In einer Pressemitteilung am Freitagabend kündigte Leopard Racing wenige Stunden später weiteren Widerstand gegen die Entscheidung an. "Leopard Racing nimmt die Entscheidung des FIM MotoGP-Stewardgremiums […] zur Kenntnis", heißt es in dieser zunächst. Danach hört es mit der Konformität allerdings schon auf.
"Das Team teilt die gezogenen Schlussfolgerungen bei allem Respekt nicht und bestätigt, dass es bereits alle nach den geltenden Vorschriften verfügbaren Maßnahmen eingeleitet hat, um seine Rechte und die seines Fahrers zu wahren, während es gemeinsam mit seinen Rechtsberatern die nächsten Schritte prüft", heißt es im Statement weiter.
Laut Ansicht des Teams habe man immer das technische und sportliche Reglement der MotoGP eingehalten, wie in der Aussendung betont wird. Man weise "jede Andeutung, dass ein Motor ohne Genehmigung geöffnet oder verändert worden sei, entschieden zurück." Leopard Racing schreibt weiter: "Es sei zudem darauf hingewiesen, dass bei den technischen Inspektionen an vier Motoren keine illegalen Komponenten, leistungssteigernden Modifikationen, nicht konformen Teile oder technischen Elemente festgestellt wurden, die gegen die Moto3-Vorschriften verstoßen."
Keine Beweise?

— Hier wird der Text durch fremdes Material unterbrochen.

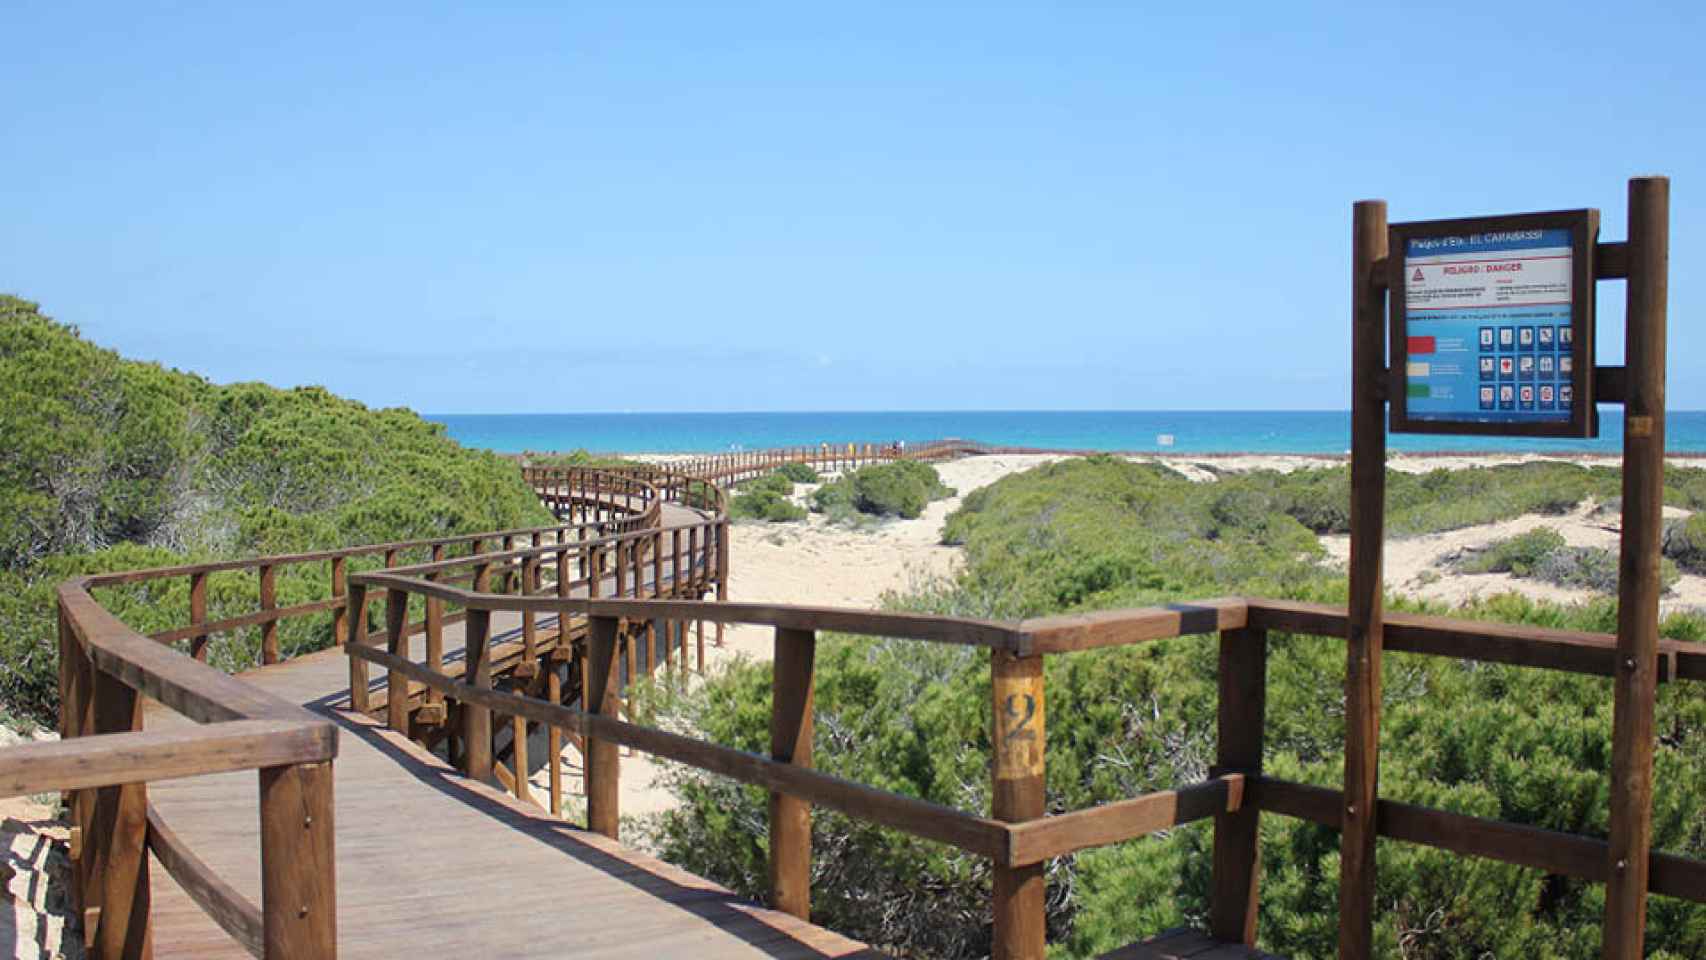 Playa del Carabassí.

Moto3-Team zweifelt an der Regelauslegung
Rund um die Mannschaft, die ihren offiziellen Hauptsitz im luxemburgischen Howald hat, kursierten schon seit Jahren Vermutungen, dass sie Manipulationen an ihren Motoren durchgeführt hätten. Das jetzt ausgesprochene Urteil ist allerdings der erste Fall, in dem die Regelhüter einen konkreten Verstoß als bewiesen ansehen.
Die Argumentation von Leopard Racing basiert darauf, dass man in den genannten Fakten keine klaren Beweise erkenne. "Der vorliegende Streit betrifft ausschließlich die Auslegung bestimmter Aspekte des Motorversiegelungssystems und die aus diesen Feststellungen gezogenen Schlussfolgerungen", heißt es im Wortlaut.
"Leopard Racing ist der Ansicht, dass eine Reihe wichtiger technischer und verfahrensrechtlicher Fragen ungeklärt bleibt, darunter die Methodik zur Feststellung des mutmaßlichen Verstoßes und die Verhältnismäßigkeit der verhängten Sanktionen", schrieben sie weiter. Außerdem stört sich Leopard Racing offenbar daran, dass bei den Inspektionen der Motoren kein Teamvertreter anwesend war.
"Das Team ist der Ansicht, dass weder eindeutige Beweise dafür vorgelegt wurden, ob und wann der mutmaßliche Verstoß stattgefunden haben soll, noch Hinweise darauf vorliegen, dass dadurch ein technischer oder sportlicher Vorteil erzielt wurde. Leopard Racing wird seine Position weiterhin über alle verfügbaren Kanäle verteidigen – entschlossen und im Vertrauen auf die Richtigkeit seines Vorgehens –, wobei das Team den beteiligten Sportverbänden stets vollen Respekt entgegenbringt", heißt es abschließend.
Welche weiteren Schritte das Team konkret plant, ist aktuell unklar. Das übliche Vorgehen, das Leopard offensteht, wäre, dass man innerhalb der nächsten fünf Tage einen Protest beim zuständigen Kantonsgericht in Waadt einlegt.